Online, the notion of finished artwork is challenged in two ways: the first, as mentioned before, has to with the very nature of the project as proposition; the second has to do with the medium itself. As a thought process grows, an artist may want to proceed with her or his idea, adding as well as possibly modifying existing elements. Somehow, the fluidity of the medium calls for unfinished thoughts and, consequently, unfinished work. This is probably why a growing number of artists working online tend to primarily envision their body of work as a multidimensional investigation whose elements are all linked under the same url. Jodi (Joan H and Dirk Paemans) registered their own domain name very early on. There are, however, many other examples, such as Easylife.org (Alexei Shulgin), Vuk.org (Vuk Cosic), or Irational.org (Heath Bunting), to name some of the most prominent artists. Things may be different when artists' work is commissioned and/or produced by a lab or an institution, where work processes and schedules tend to be more defined in time. However, on äda'web, projects such as Julia Scher's Securityland have been unfolding for the whole life span of the site--from February 1995, when the trailer was released, to the late summer of last year, when Wonderland was added. Similarly, Matthew Ritchie's The Hard Way was released in two iterations, and it is only because äda'web has ceased to produce new projects that there was not a third. It is also noteworthy that a number of artists have come back to the äda'web team with the will to either revisit their project, or make a new one.
As network media develops, numerous projects that have appeared online confront the whole notion of the nature of art. Indeed, trying to understand and decide what is art and what is not is a difficult and challenging role that the curator has to engage with. A recent project, Extension (produced by art historian Susan Hapgood, whose main interest and focus is Fluxus; Ainatte Inbal, a producer who was also working at äda'web before its recent demise; and myself), consists of a selection of art Web sites (projects, information-based, and magazine types). In the selection of sites, some were deliberately included to reflect upon the meaning of art online--how some projects seen from an art viewpoint can be understood as art, or as important in the context of such exploration. Extension was also intended to reveal the dynamics that may exist between those sites, how they link to each other, how they refer to each other. This may, of course, be a spontaneous alliance that may eventually call for a further reflection on the role of the curator online.
One could see two overlapping models that complement each other while offering a varying scale for the curator's intervention in the work: be it a dialogue, a real collaboration in the process of production, or simply a selection that refers to an interpretation and/or a context.

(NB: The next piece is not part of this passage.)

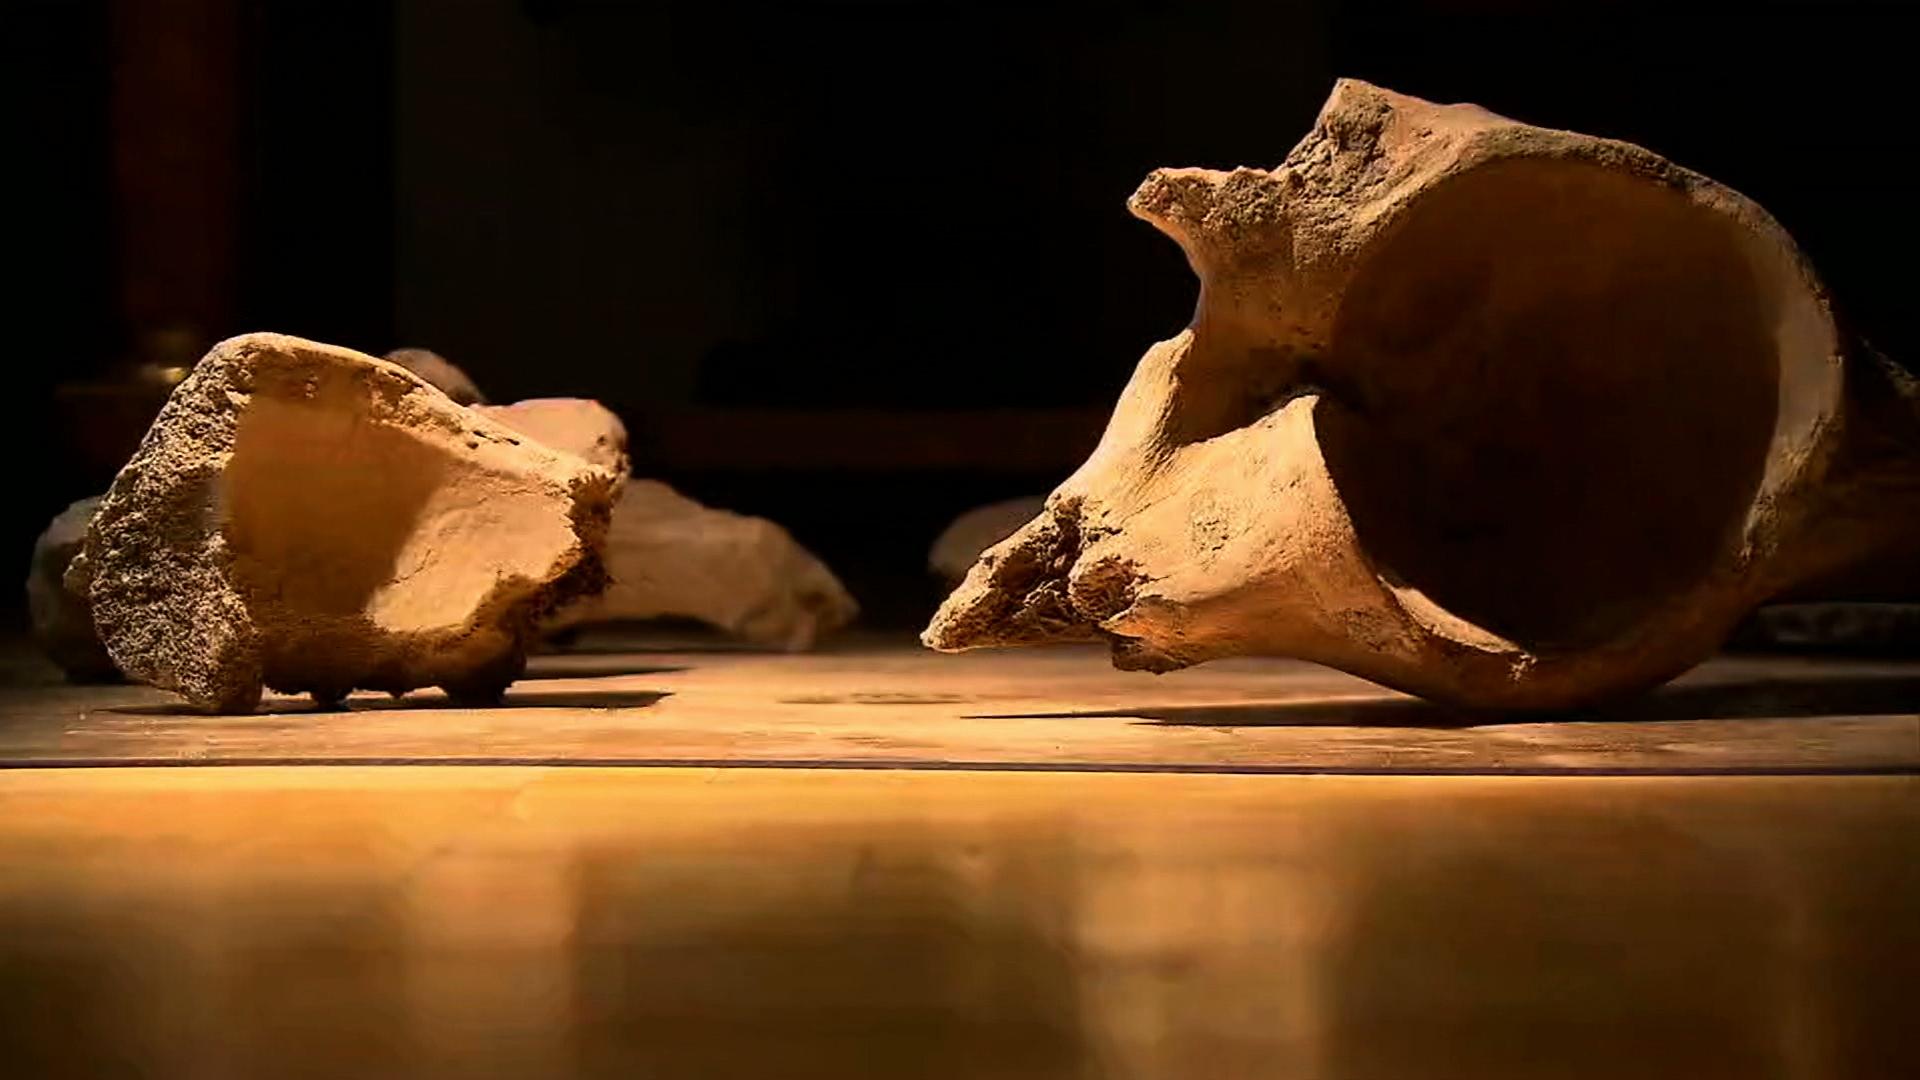 Szczątki ssaka sprzed stu tysięcy lat. To mamut czy słoń leśny?
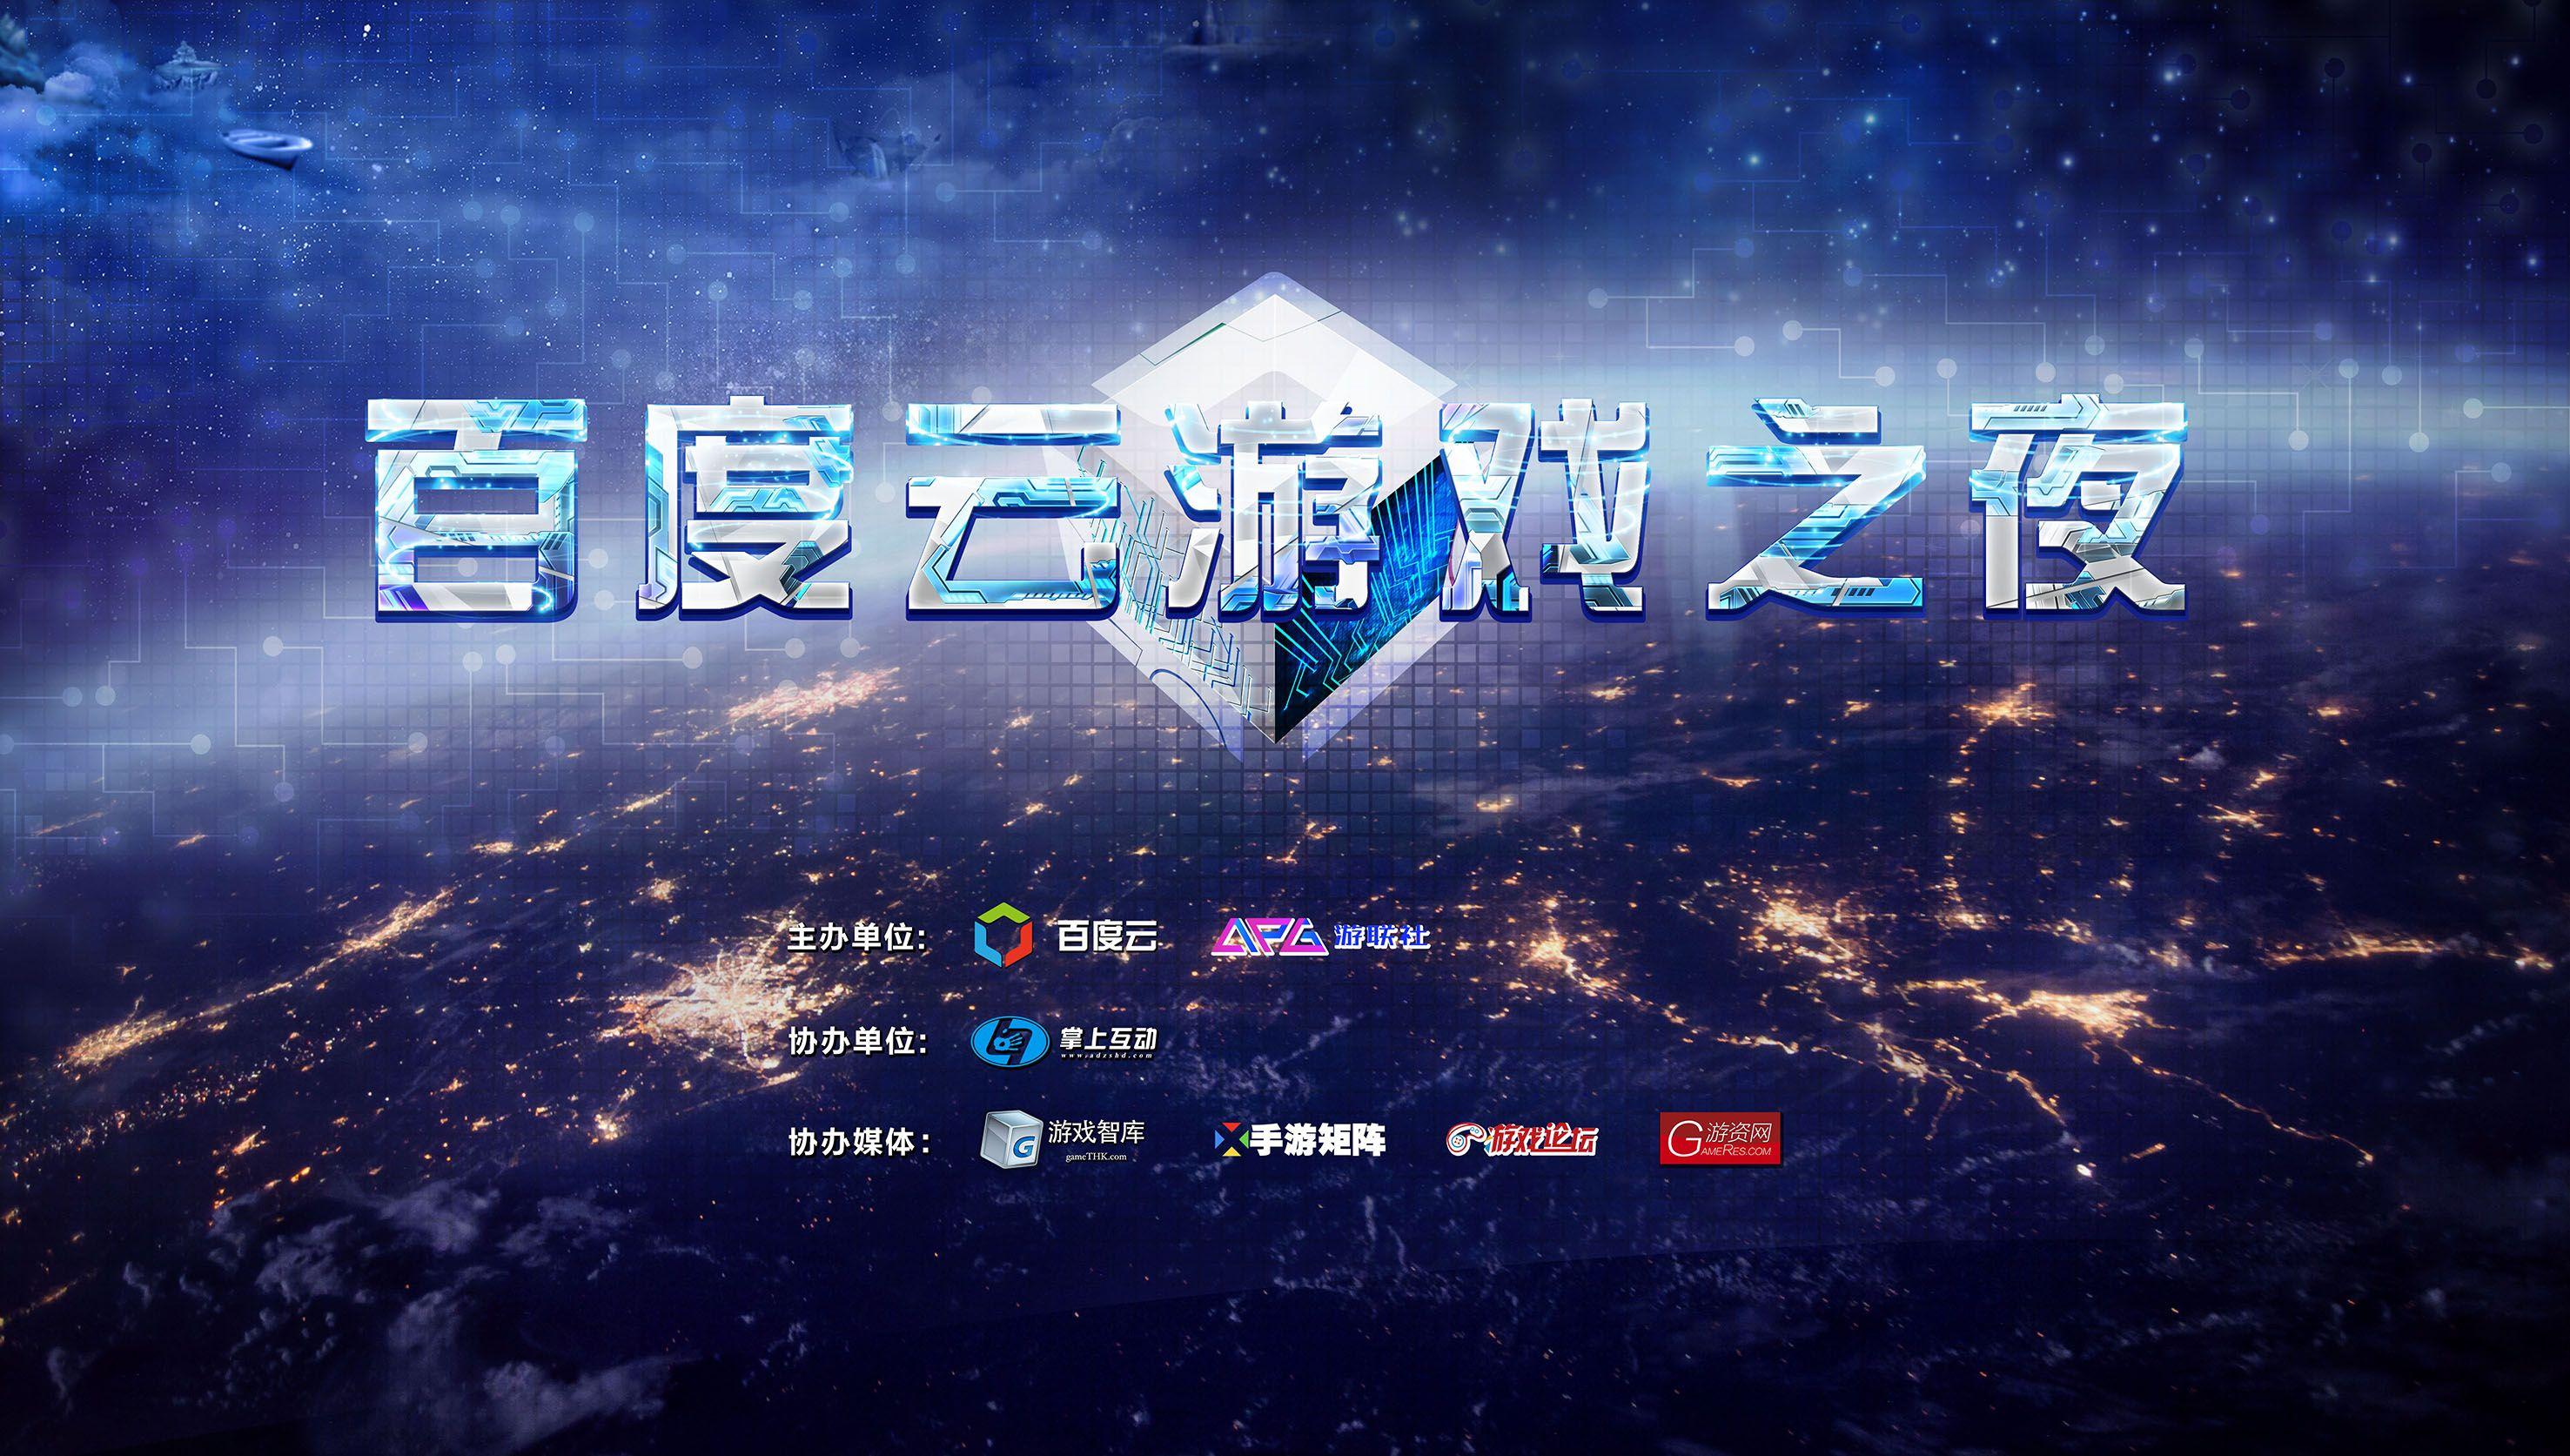 百度云游戏之夜将于8月4日举行盛大的游戏party

Beyond Interface: net art and Art on the Net is a recent and interesting approach to the latter form of curating online. Curated by Steve Dietz, Director of New Media Initiatives at the Walker Art Center (note the shift in title!), the "exhibition" consists of a straightforward information-driven interface that groups a number of projects he found on the network. In a way, this approach somehow echoes the existence, very early on, of link pages that sites have put together to create some kind of a context for the projects and information they present online.
As in the case of more "traditional" art (if one may call the art practices of the late '60s and '70s traditional), the boundaries between the curatorial roles can be hard to decipher. When Jodi offers a map of the various sites they seem to feel some kind of affiliation with, they somehow operate on a curatorial level. When other artists create an environment in which they invite their peers to work, they somehow engage beyond what could referred to as "art." Such is the case, for instance, with Irational.org, as well as Easylife and many others. Yet, it is clear that these activities are complementary, and create an interesting and important dynamic.
When äda'web was created about three-and-a-half years ago, it proceeded with a curatorial approach started with other media, and tended to explore means to engage art in the public arena, take it away from the institutional walls, and address a different public, with strategies that definitely needed to be adjusted to that realm. Indeed, when visitors choose to enter a museum, they know what they're in for. But if art is coming to the street, one way or the other, it has to somehow morph into a more adaptable and fluid form, which reaches out and yet does not impose on the potential viewer. Since the Web is a public environment, one can easily see how the strategy is to reach out and offer an eclectic array of projects that investigate the medium and truly help to shape it. It is no surprise to learn that, while äda'web was still operating, a large part of the site's audience was composed of developers.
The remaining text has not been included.